INFORMATION PROVIDED:
>>>>

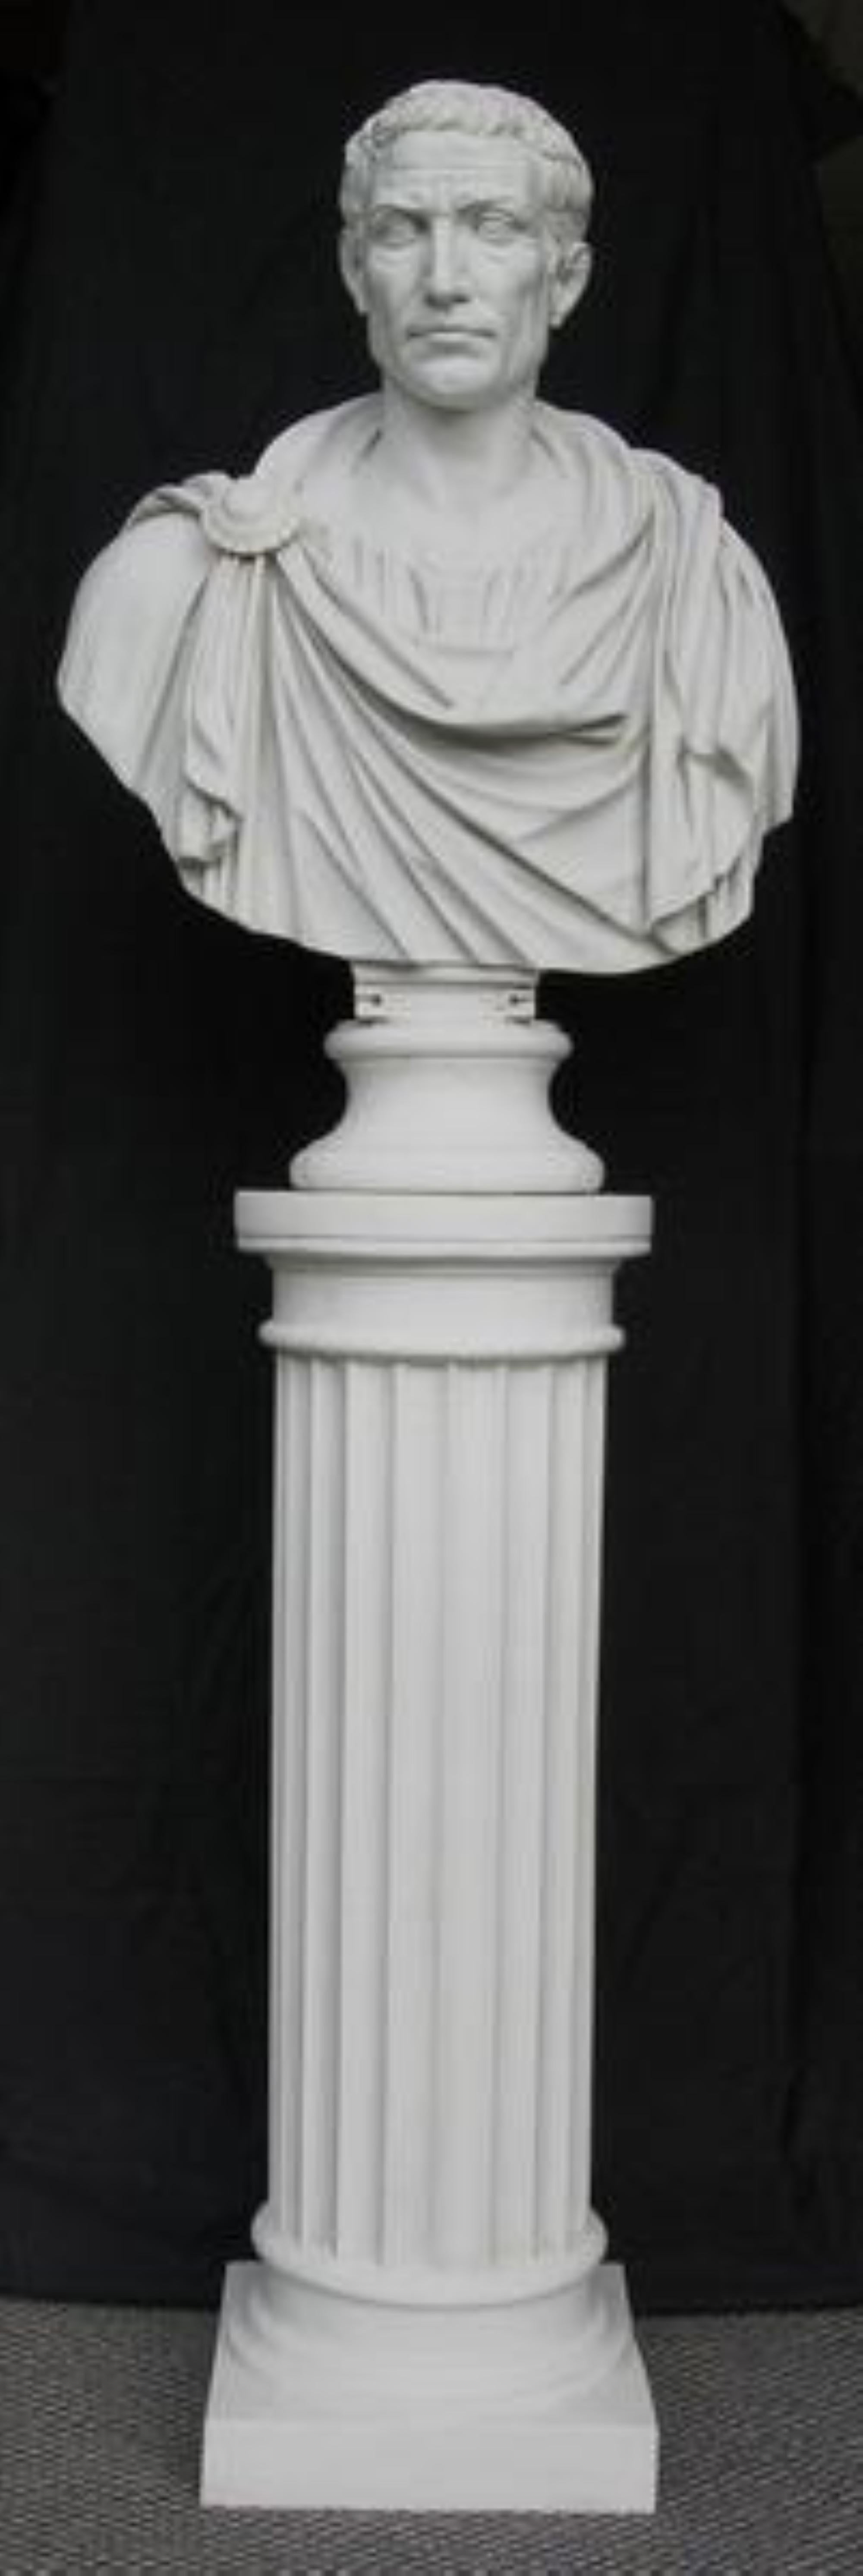 Julius Caesar bust sculpture, the Emperor wearing toga drapery.

A fine large library bust of Julius Caesar, probably the most famous of all Roman emperors.

Gaius Julius Caesar was a Roman general and statesman and a distinguished writer of
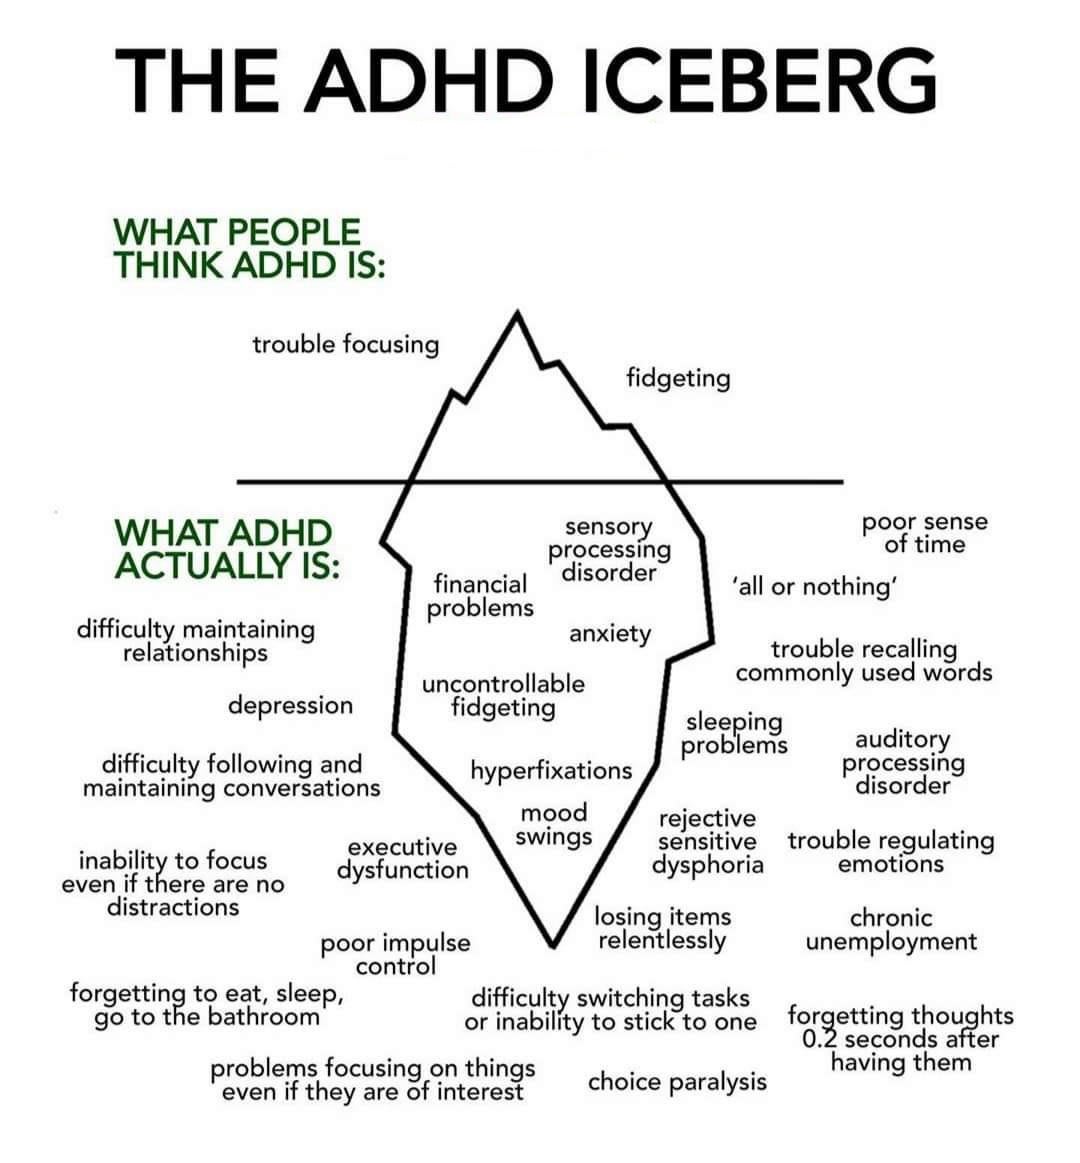 ADHD is more than just bring unable to focus.

<<<<

AIM OF THE TASK: The answer must be every line of the listing that holds the word "Roman".

WRITTEN SOLUTION:
A fine large library bust of Julius Caesar, probably the most famous of all Roman emperors.
Gaius Julius Caesar was a Roman general and statesman and a distinguished writer of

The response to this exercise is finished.